Photography, Styling, Modelling by Rhea Gupte
This year, I decided at the very beginning, is going to be a year of execution. There is a lot that goes on in the mind and never comes down on paper, on a screen, on something tangible. To be shared. That, I feel is the biggest loss, to self, to the idea and to the practice of thinking and brainstorming. What is accomplished if the thought never went on to a different stage? Was never experienced, by yourself or anybody around you. I feel this loss at several occasions, due to lack of time and lack of planning. Thoughts remain just that. Contained within a singular vessel. Stagnating.
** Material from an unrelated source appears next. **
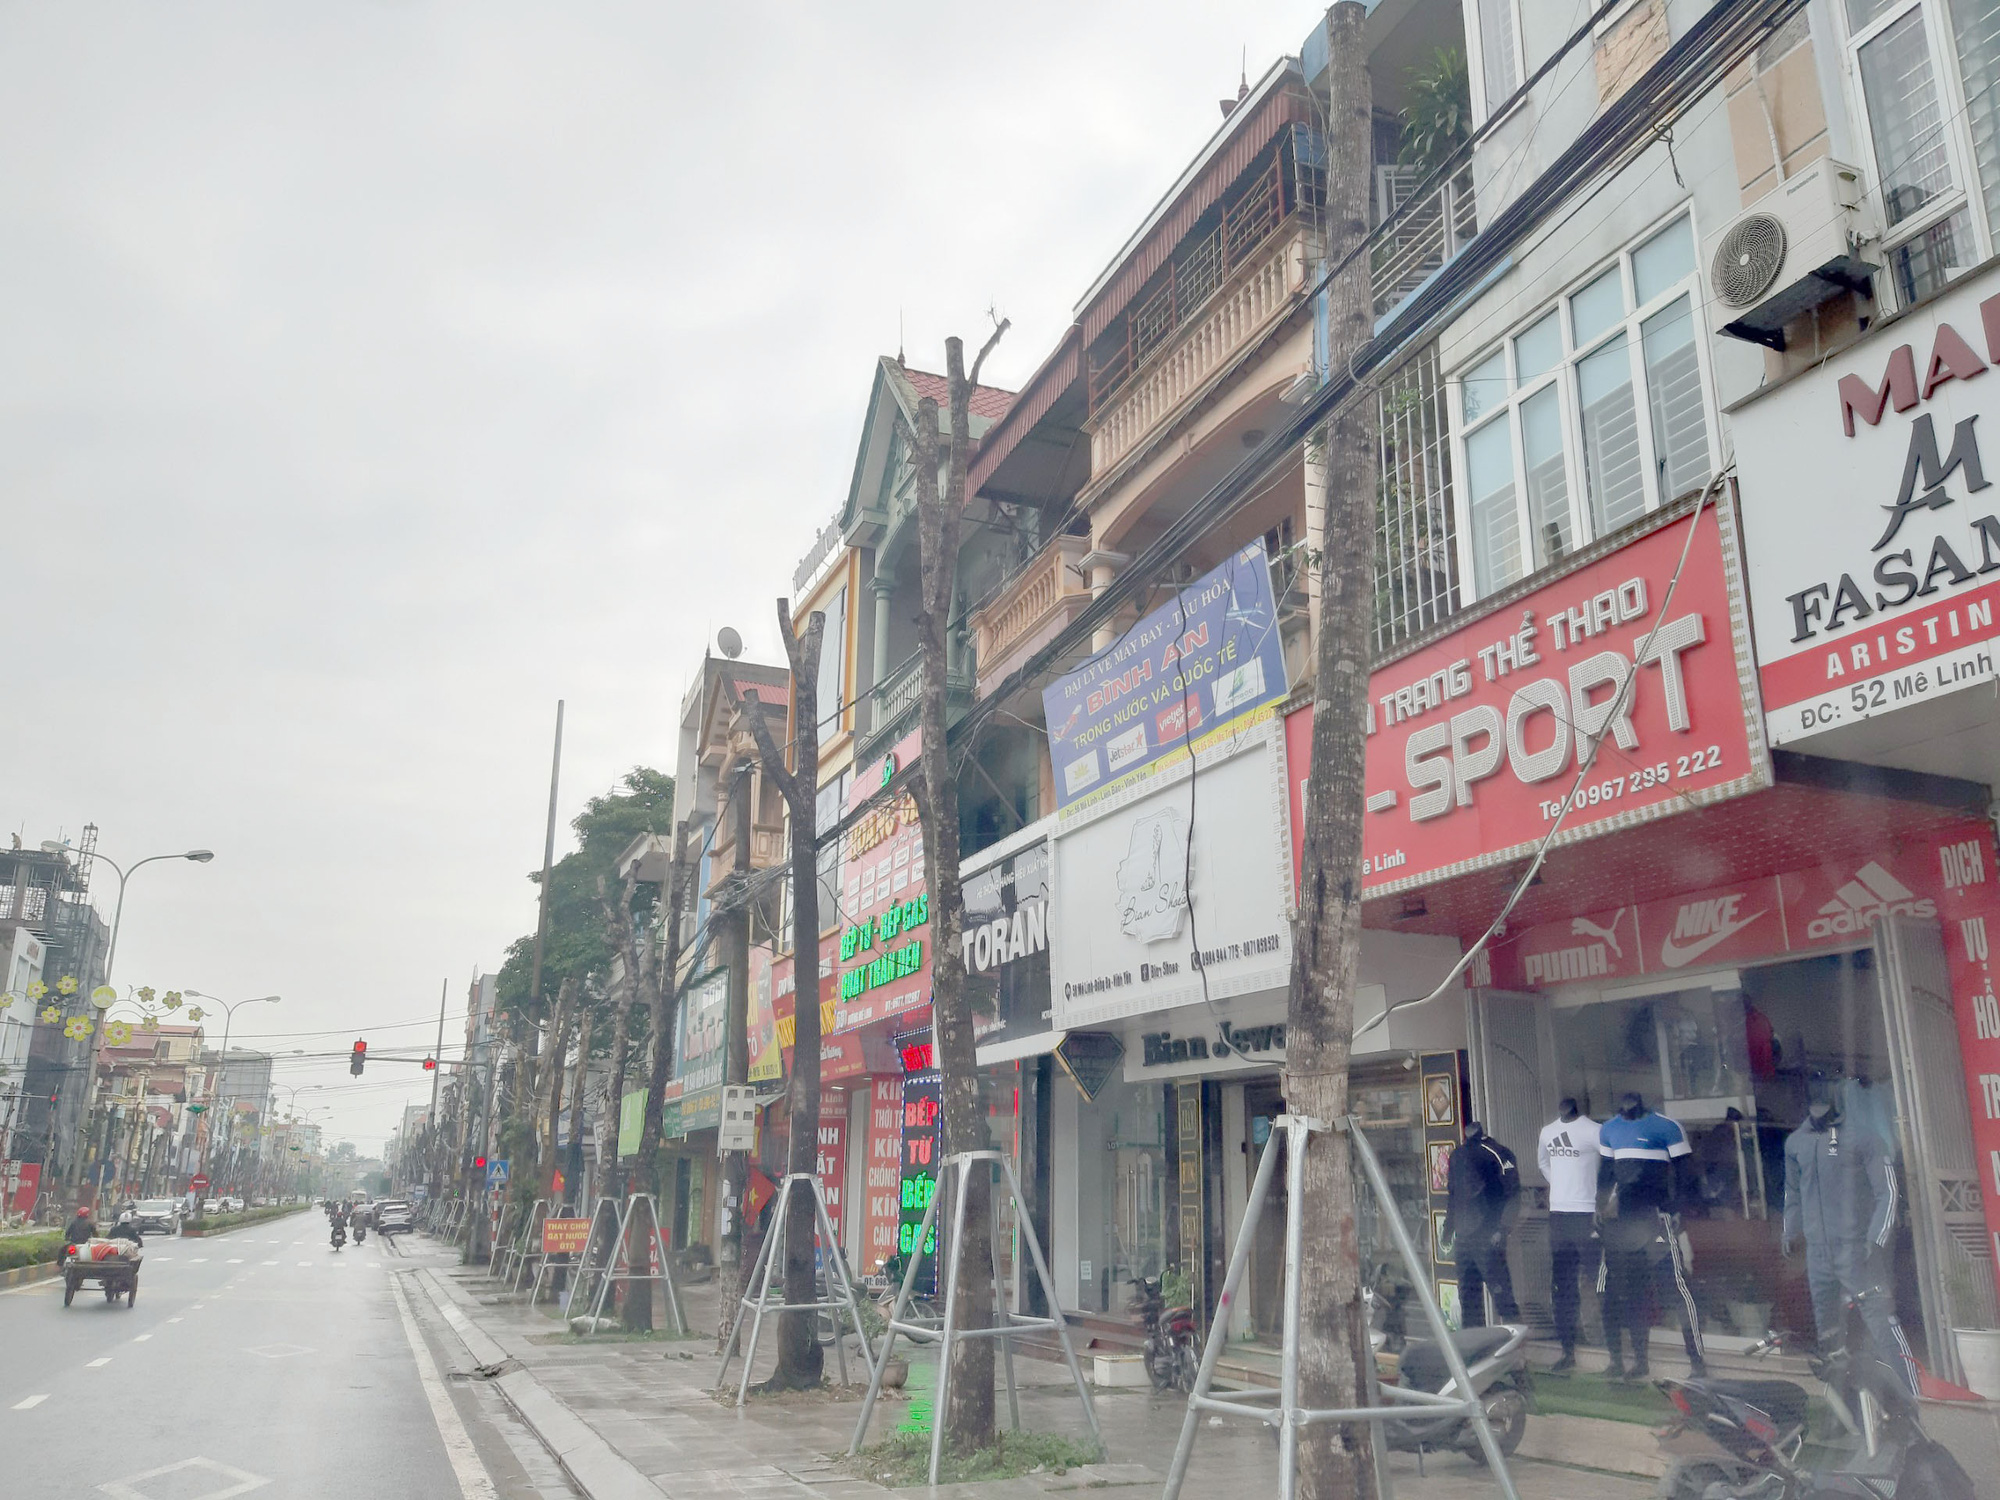 Vĩnh Phúc: La liệt cây xanh bị cụt ngọn, chết khô trên tuyến đường trung tâm thành phố - Ảnh 11.

The word ‘stagnant’ has a specially dedicated dark place within me. A fear almost. A constant urge to stay as far away and as less relatable to it’s meaning as possible. Being the epitome of lack of growth and change, this negative word often serves as positive reinforcement, motivation and inspiration for me to keep going, to try different things and to turn those fleeting thoughts into real projects.
That is when self-doubt kicks in. Is this idea worth spending this much time on? Why is this idea so great? What is great about it? Do I think it’s good only because I thought of it? Self doubt is my best friend if I indulge it in small doses. It makes me analyse and answer my own questions and many a times keeps me from wasting my time on an idea, which, when pondered over often seems worthless. It urges me to speak about my ideas to my closest friends who approach it with a thought process entirely unknown to me, with a set of fresh eyes. Impartially.
When all of these initial emotions, doubts and complexities pass, I am left with only one feeling. The joy of creation. This is when I feel like a magical unicorn, pastel-maned and fluffy-winged of course, who can make anything happen. To create, is the best feeling I have come across so far, second only to love. The happiness derived from it is pure. It is in the work process, the editing, the problem-solving, the execution and completion.
Once completed, the thrill is over. Self doubt asks me whether I could have done this a million other ways and stagnation points out the similarities with some of my other work. I decide to take their feedback and run with it, pour all of it into the next project, the next thought, the next entry in my travel journal.